▸ **Exercise data**
◆ ◆ ◆ ◆ ◆

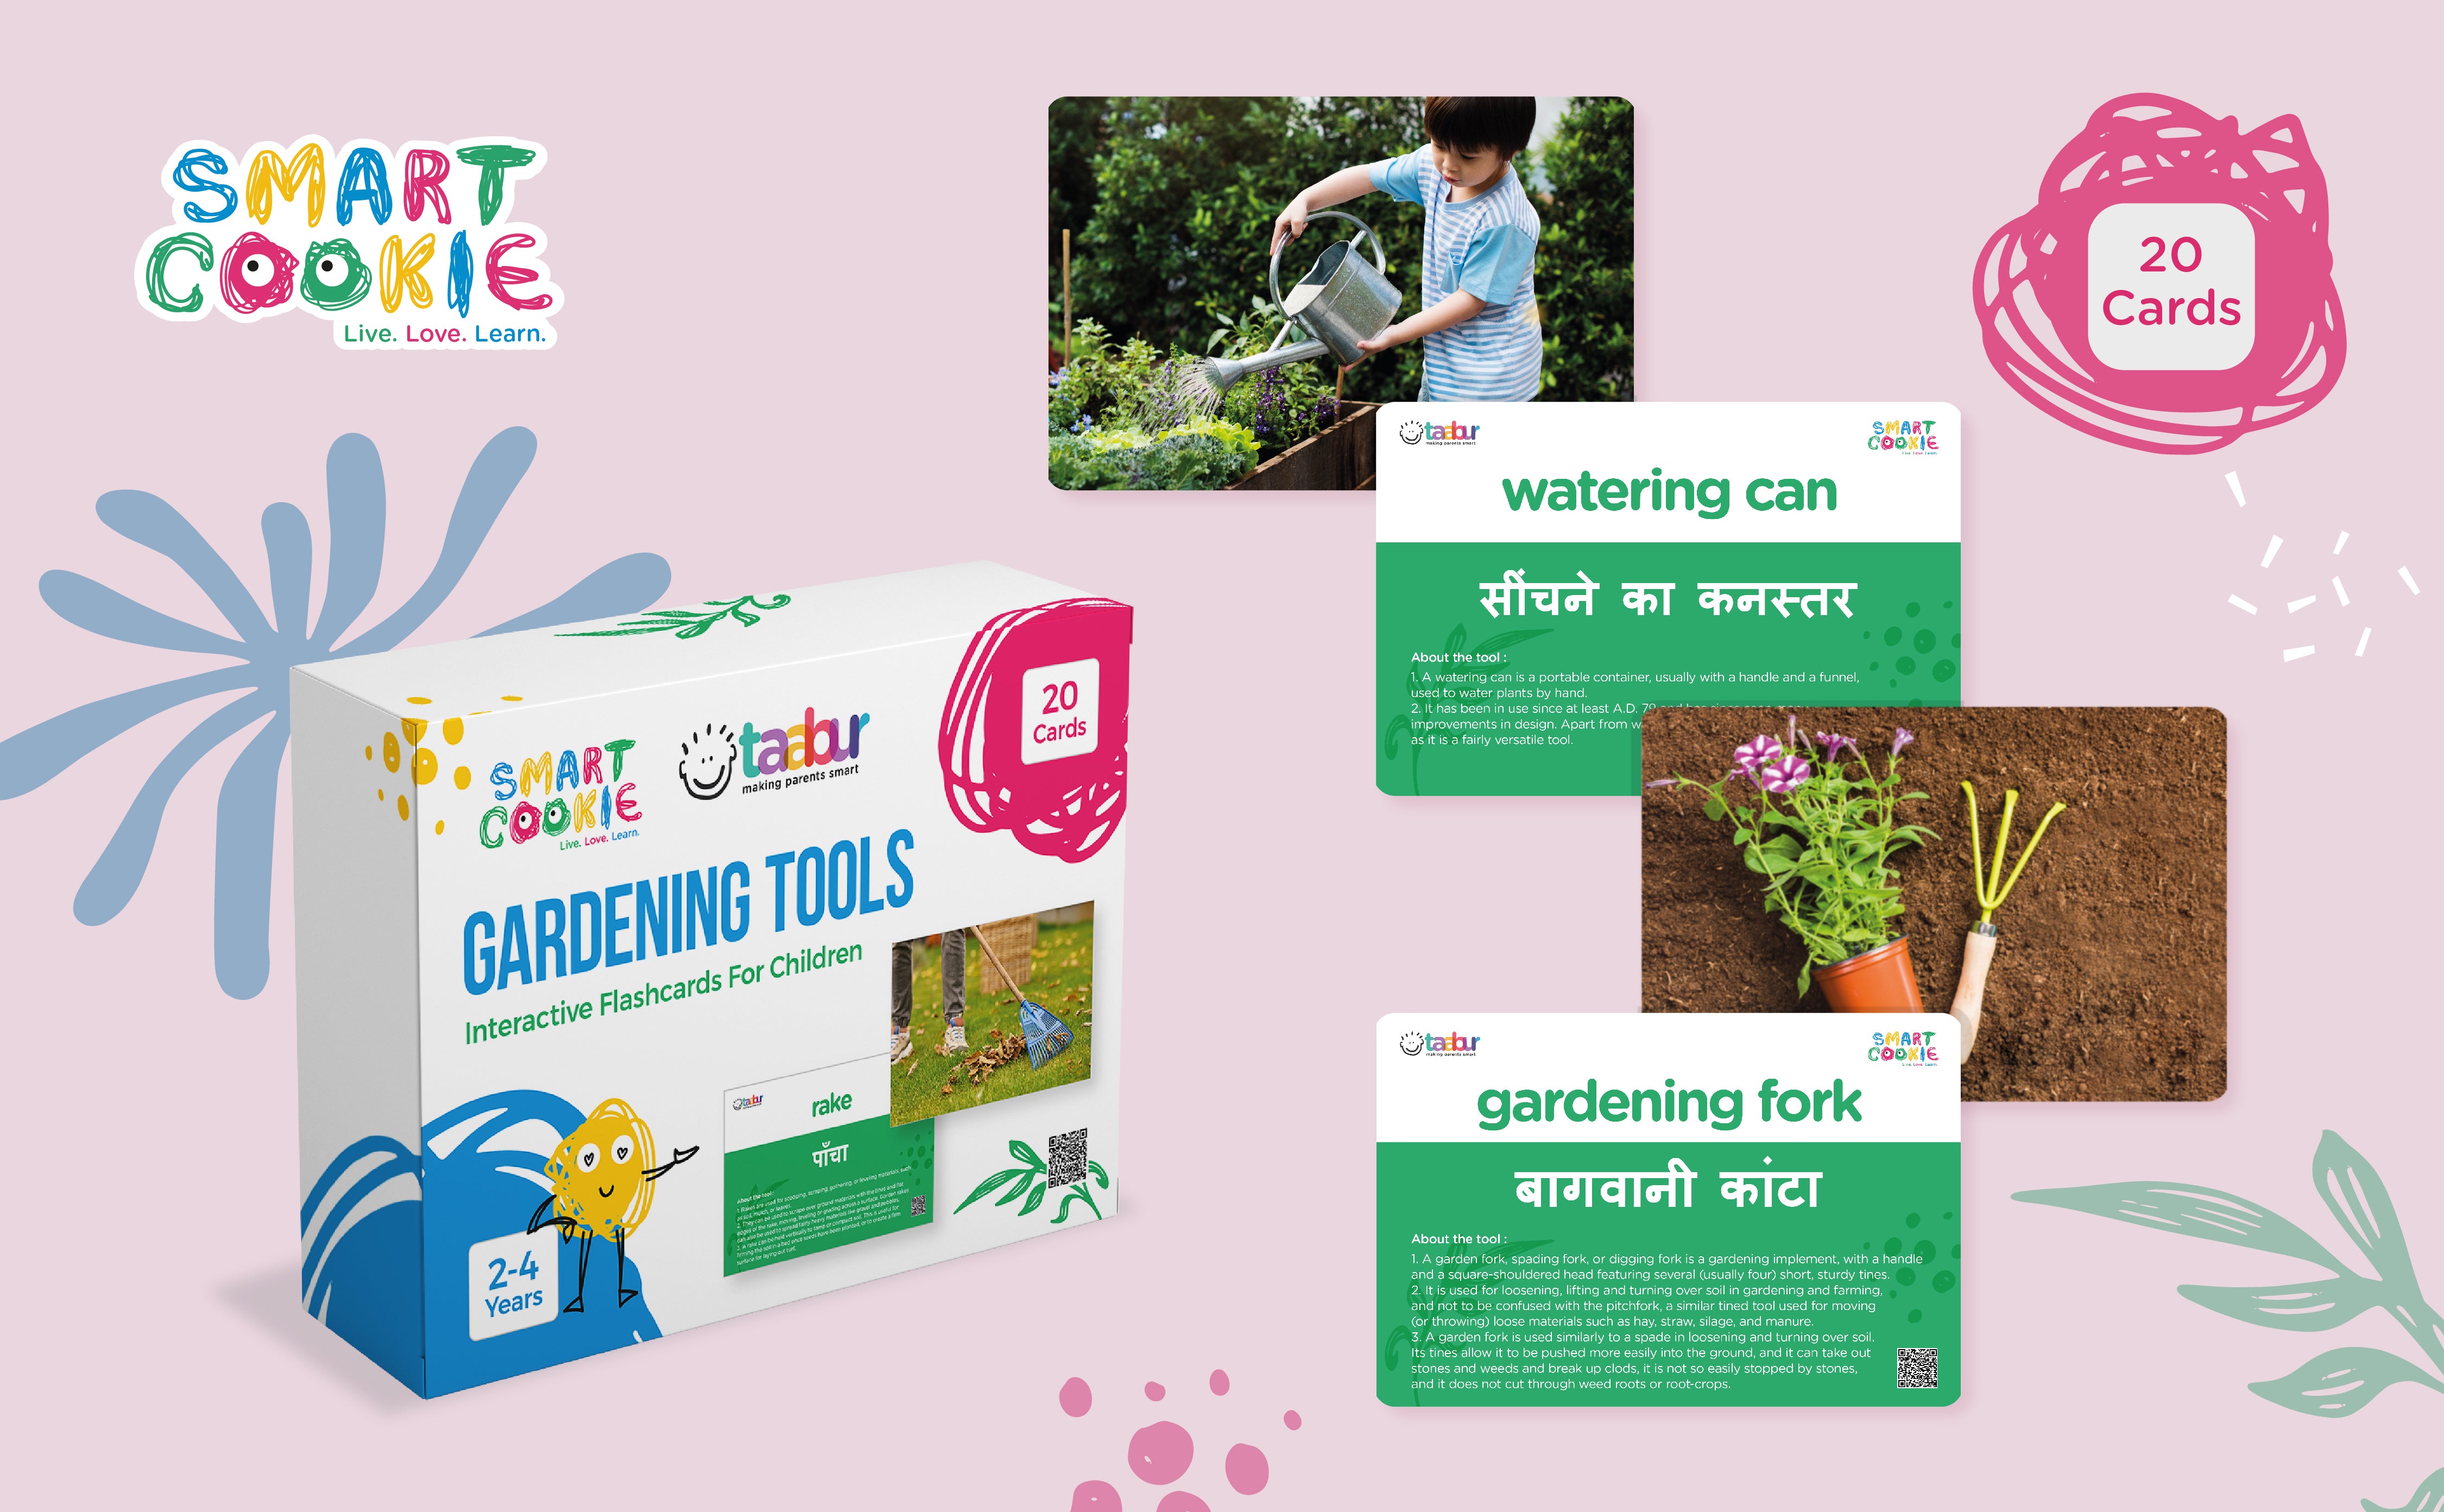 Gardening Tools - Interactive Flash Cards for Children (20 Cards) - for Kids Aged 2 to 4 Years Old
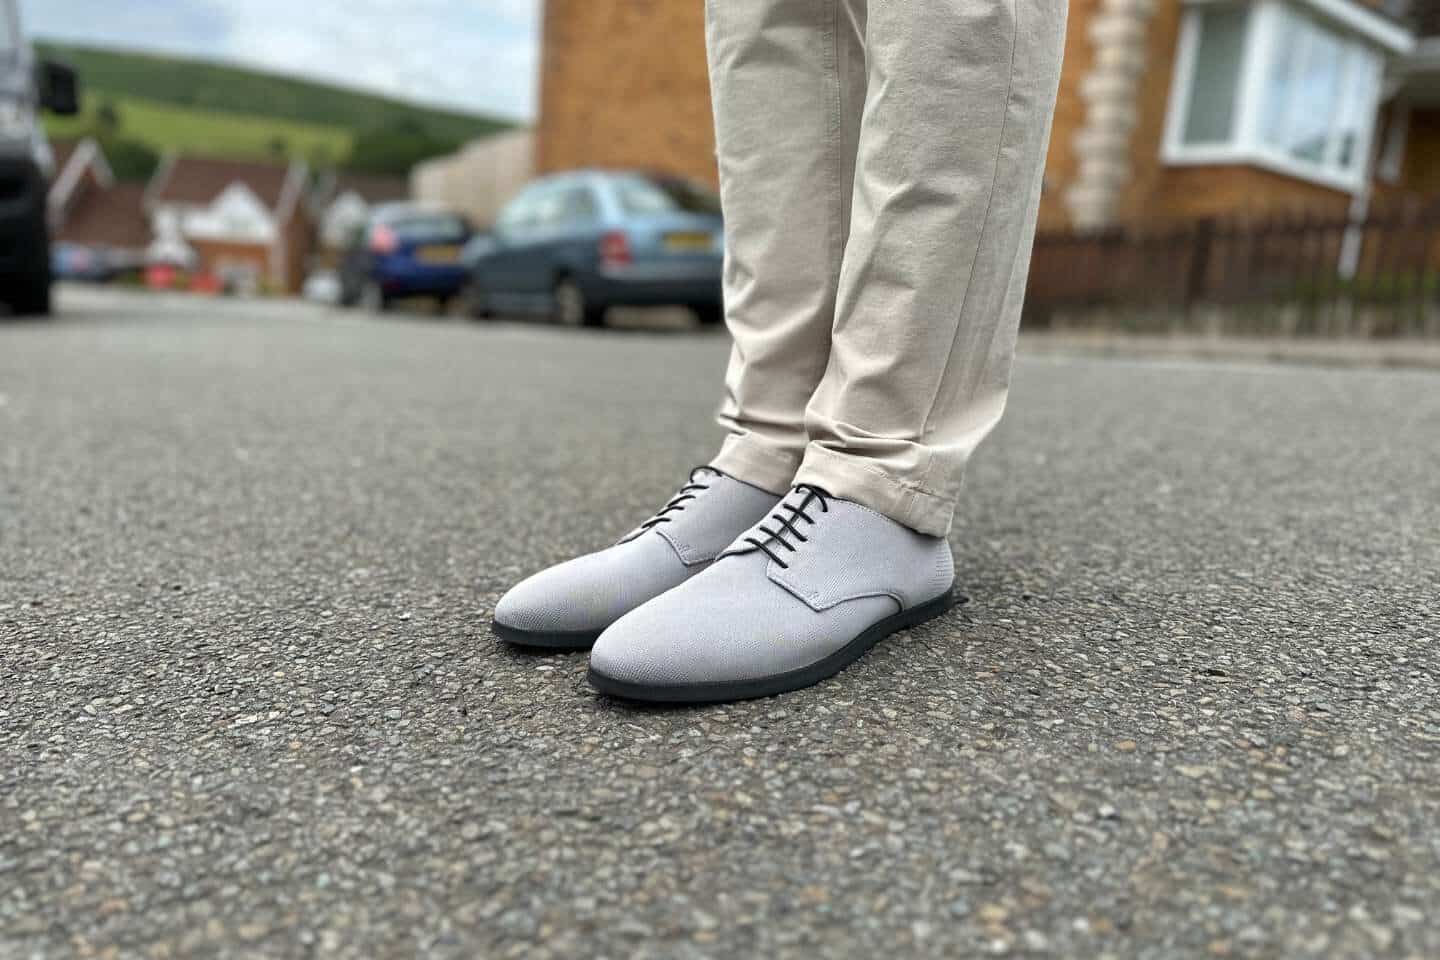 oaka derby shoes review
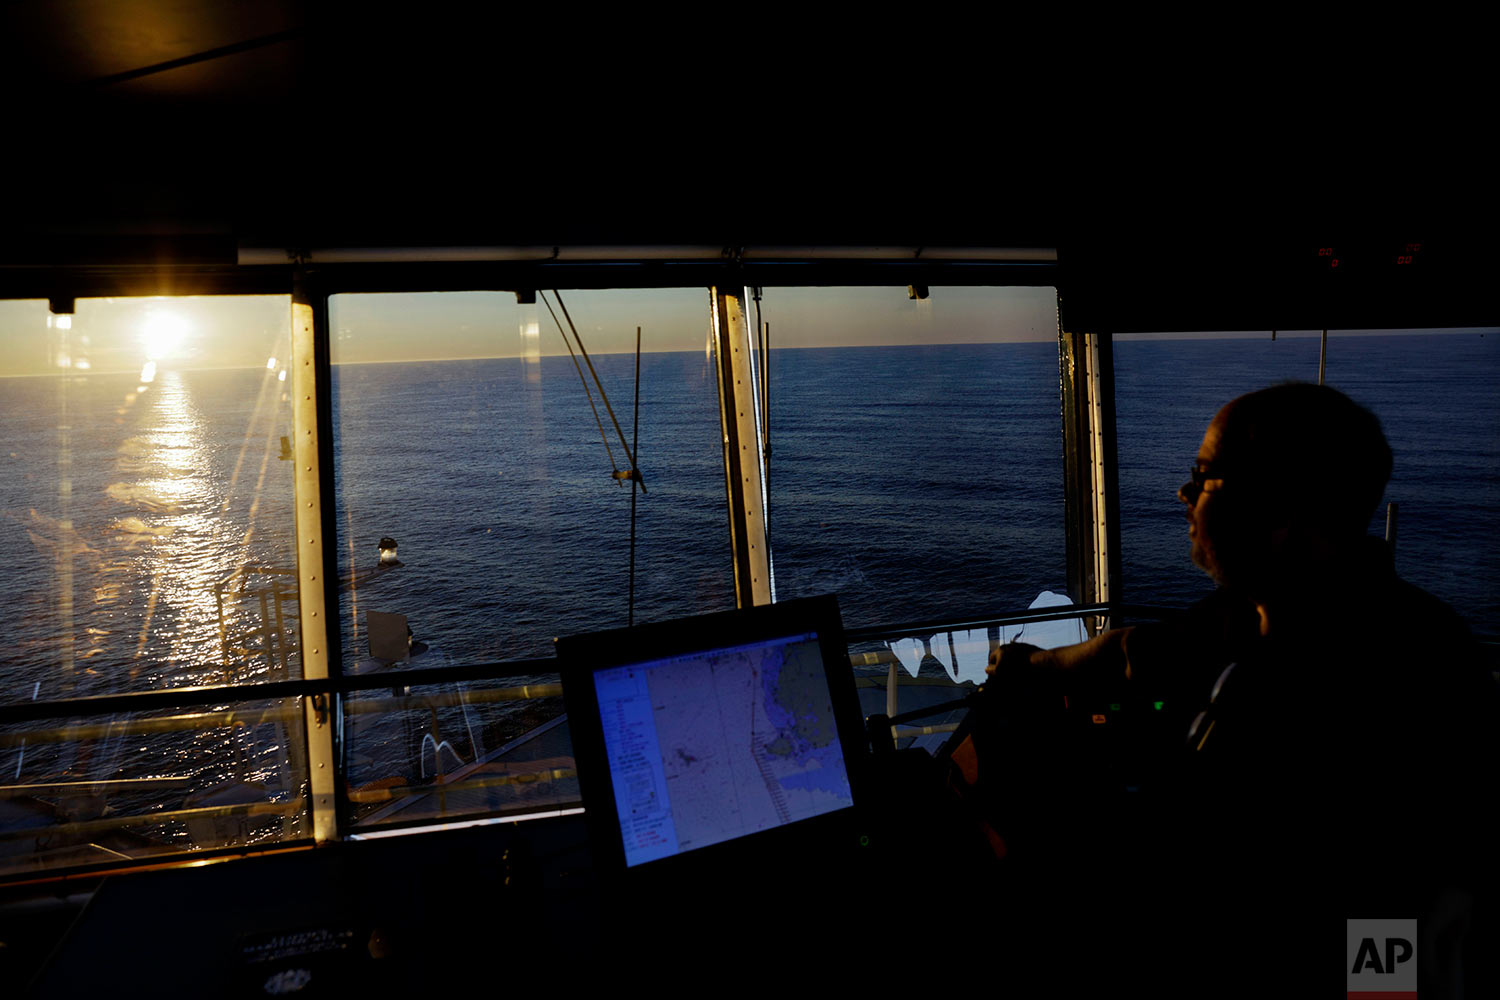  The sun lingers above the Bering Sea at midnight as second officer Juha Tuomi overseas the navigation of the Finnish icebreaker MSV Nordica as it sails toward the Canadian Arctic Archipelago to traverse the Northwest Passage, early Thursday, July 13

◆ ◆ ◆ ◆ ◆

▸ **What the task requires**
Your task is to repeat the material above exactly, without its pictures.

▸ **Answer for this exercise**
 Gardening Tools - Interactive Flash Cards for Children (20 Cards) - for Kids Aged 2 to 4 Years Old
 oaka derby shoes review
  The sun lingers above the Bering Sea at midnight as second officer Juha Tuomi overseas the navigation of the Finnish icebreaker MSV Nordica as it sails toward the Canadian Arctic Archipelago to traverse the Northwest Passage, early Thursday, July 13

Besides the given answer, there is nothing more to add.